**AIM OF THE EXERCISE**
Repeat the records below exactly, beginning at the first line and finishing with the line that contains "Placa Mãe GIGABYTE".

**DATA FOR PROCESSING**

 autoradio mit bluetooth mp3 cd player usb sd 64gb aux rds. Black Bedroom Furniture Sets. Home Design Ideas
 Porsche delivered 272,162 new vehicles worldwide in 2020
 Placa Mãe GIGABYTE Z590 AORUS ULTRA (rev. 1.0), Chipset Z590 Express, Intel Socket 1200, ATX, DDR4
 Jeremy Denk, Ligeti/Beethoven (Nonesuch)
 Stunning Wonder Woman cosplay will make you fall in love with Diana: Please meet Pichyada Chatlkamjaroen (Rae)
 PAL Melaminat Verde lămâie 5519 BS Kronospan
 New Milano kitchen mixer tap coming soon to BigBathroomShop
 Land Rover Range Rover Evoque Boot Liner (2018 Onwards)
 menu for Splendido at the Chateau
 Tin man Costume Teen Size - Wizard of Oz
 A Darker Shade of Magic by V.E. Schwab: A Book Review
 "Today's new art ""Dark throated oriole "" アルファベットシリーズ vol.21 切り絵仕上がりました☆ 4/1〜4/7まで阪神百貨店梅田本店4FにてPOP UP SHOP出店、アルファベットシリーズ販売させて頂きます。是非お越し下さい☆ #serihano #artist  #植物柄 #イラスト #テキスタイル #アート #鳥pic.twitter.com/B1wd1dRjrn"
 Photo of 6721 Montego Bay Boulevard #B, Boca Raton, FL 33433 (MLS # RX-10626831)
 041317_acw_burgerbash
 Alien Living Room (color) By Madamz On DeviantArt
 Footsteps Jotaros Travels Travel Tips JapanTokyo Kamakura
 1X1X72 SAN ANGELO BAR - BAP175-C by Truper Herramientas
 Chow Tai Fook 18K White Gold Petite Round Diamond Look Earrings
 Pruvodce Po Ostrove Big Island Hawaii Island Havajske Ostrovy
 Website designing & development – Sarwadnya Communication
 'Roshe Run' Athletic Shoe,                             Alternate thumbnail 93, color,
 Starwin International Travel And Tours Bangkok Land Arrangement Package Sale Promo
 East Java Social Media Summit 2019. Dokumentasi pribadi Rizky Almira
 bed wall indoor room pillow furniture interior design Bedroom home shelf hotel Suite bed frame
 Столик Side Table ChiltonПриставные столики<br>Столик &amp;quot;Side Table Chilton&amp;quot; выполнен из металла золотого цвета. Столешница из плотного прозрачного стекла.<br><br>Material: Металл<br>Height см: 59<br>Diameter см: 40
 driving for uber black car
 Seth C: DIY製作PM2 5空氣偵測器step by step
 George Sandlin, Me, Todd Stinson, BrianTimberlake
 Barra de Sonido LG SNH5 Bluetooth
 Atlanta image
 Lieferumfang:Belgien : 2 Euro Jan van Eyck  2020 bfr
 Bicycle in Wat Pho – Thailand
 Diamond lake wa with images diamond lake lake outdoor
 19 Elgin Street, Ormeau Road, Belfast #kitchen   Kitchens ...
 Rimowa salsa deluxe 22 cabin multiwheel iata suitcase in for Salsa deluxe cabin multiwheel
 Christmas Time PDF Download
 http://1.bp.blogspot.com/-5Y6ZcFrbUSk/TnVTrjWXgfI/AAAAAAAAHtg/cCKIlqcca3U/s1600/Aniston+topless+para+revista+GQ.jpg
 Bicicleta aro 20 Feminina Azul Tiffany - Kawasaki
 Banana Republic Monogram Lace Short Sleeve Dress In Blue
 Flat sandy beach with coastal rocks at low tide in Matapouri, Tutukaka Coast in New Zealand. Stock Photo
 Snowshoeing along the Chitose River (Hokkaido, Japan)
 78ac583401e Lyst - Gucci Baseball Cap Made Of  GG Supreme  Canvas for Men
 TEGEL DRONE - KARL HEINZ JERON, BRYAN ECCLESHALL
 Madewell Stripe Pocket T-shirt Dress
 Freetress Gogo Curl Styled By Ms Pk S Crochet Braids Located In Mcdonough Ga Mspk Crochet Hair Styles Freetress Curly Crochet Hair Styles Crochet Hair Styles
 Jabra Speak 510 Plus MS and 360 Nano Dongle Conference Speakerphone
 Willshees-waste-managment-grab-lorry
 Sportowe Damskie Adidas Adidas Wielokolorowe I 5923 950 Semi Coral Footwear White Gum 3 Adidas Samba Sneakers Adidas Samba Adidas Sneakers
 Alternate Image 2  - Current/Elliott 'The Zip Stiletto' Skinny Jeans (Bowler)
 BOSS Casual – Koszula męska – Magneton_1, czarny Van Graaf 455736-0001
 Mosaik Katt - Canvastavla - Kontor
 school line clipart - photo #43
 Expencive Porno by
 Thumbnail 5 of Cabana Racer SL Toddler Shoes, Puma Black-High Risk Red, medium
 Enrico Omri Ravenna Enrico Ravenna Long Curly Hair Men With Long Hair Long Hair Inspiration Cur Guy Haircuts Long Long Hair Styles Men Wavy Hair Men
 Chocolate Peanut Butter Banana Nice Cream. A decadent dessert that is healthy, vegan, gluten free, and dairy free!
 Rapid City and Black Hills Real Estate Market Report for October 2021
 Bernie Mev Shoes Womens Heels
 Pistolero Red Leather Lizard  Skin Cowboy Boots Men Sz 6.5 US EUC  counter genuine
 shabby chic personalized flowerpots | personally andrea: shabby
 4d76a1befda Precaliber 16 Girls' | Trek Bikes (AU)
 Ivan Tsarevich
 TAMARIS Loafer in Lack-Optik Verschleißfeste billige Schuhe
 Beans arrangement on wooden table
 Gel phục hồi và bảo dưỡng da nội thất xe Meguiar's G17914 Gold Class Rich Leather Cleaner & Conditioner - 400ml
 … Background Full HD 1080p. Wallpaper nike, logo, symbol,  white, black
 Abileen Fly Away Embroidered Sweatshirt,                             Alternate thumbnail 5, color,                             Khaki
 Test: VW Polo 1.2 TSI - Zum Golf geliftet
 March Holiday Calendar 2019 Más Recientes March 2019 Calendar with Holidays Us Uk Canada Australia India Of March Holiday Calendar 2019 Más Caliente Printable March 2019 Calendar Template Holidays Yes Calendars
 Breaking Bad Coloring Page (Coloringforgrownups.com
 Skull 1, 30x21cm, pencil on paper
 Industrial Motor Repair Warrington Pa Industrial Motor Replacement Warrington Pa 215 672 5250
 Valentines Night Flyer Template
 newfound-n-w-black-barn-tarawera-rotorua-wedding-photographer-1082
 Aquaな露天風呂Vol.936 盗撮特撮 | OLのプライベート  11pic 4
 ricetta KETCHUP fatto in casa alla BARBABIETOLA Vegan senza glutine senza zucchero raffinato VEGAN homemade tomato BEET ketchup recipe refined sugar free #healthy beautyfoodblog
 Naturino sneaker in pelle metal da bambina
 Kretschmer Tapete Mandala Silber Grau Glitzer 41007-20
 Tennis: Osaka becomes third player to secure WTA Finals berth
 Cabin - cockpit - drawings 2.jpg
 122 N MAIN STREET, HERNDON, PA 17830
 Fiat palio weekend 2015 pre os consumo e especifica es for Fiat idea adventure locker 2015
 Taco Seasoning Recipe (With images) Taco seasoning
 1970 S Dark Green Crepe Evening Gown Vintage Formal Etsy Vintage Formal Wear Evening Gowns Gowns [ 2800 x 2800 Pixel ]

**EXERCISE RESULT**
 autoradio mit bluetooth mp3 cd player usb sd 64gb aux rds. Black Bedroom Furniture Sets. Home Design Ideas
 Porsche delivered 272,162 new vehicles worldwide in 2020
 Placa Mãe GIGABYTE Z590 AORUS ULTRA (rev. 1.0), Chipset Z590 Express, Intel Socket 1200, ATX, DDR4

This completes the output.